China is to outlaw the selective abortion of female fetuses to correct an imbalance in the ratio of boys to girls that has grown since the family planning policy was introduced more than 20 years ago.

State media reported that government figures show 119 boys are born in the world's most populous country for every 100 girls, but Beijing has set a goal of reversing the imbalance by 2010.

China implemented the family planning policy in the early 1980s to curb its massive population -- which officially hit 1.3 billion Thursday -- but the restrictions have bolstered a traditional preference for baby boys.

The Xinhua news agency quotes Zhang Weiqing, minister in charge of the National Population and Family Planning Commission, as saying in a report that the government takes it as an urgent task to correct the gender imbalance of newborns.

As a new measure, the commission will start drafting revisions to the Criminal Law in order to effectively ban fetus gender detection and selective abortion other than for legitimate medical purposes.

Sex-selective abortion is already banned but technologies such as ultrasound have made it easier to know a baby's gender in advance, increasing the chances for aborting girls.

Experts say that criminalising the ban would be a more effective deterrent. It gave no details on what the possible punishments might be.

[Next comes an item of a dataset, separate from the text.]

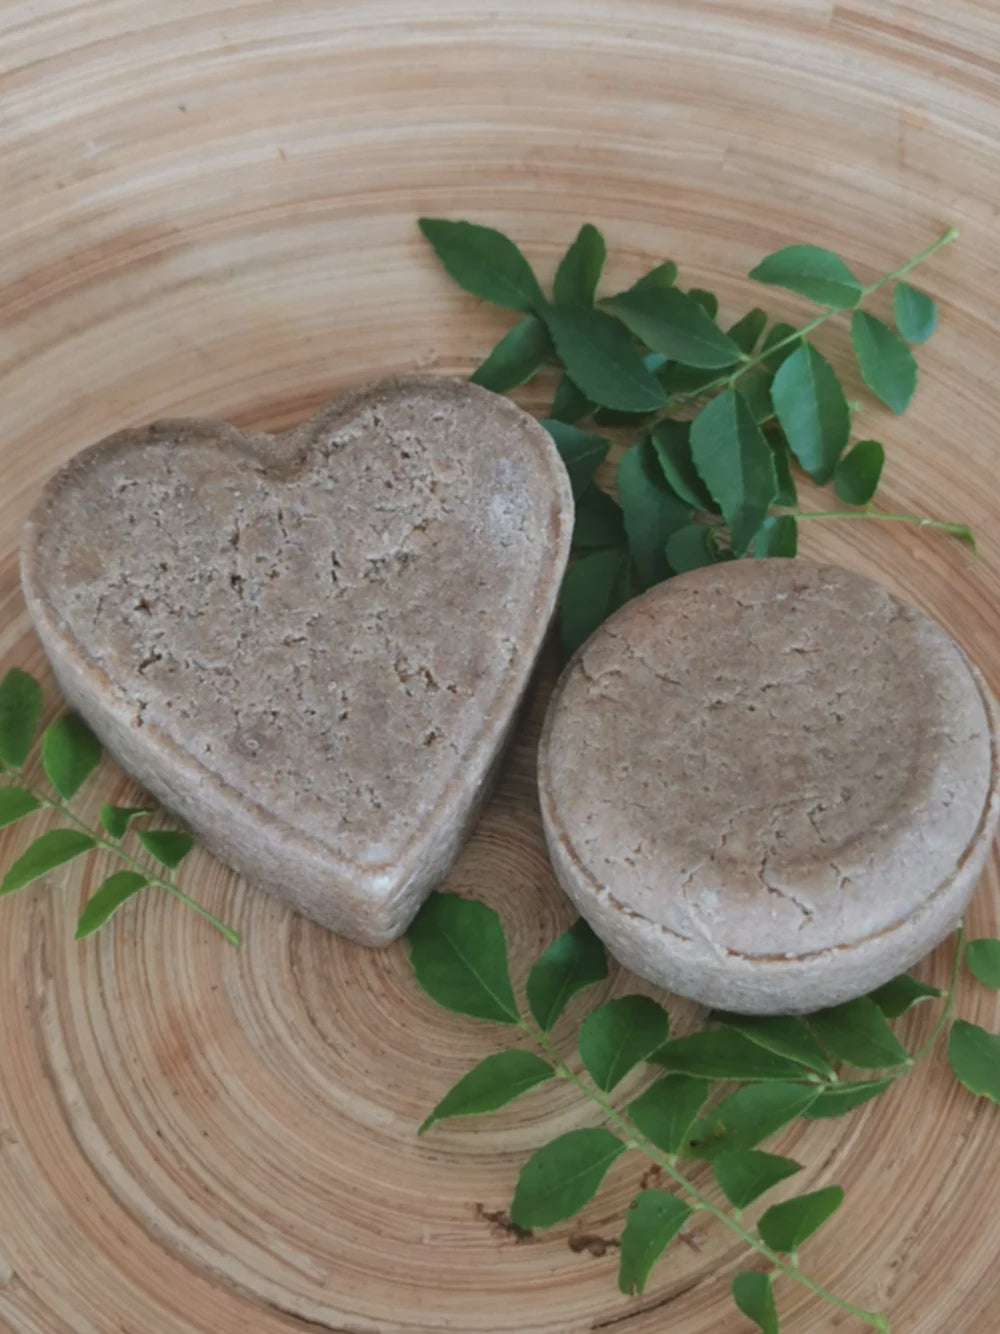 Patrichory Herbal Therapy Shampoo Bar | Haircare | The Green Collective SG

But demographers have said curbing the gender imbalance is not simply a case of cracking down on abortions, pointing out that in poor, rural areas, girls are often not cared for as well as boys, resulting in higher infant-death rates for girls.

Chinese traditionally prefer sons because they are seen as more able to provide for the family, to support elderly parents and to carry on the family line. Daughters become members of their husband's family when they marry.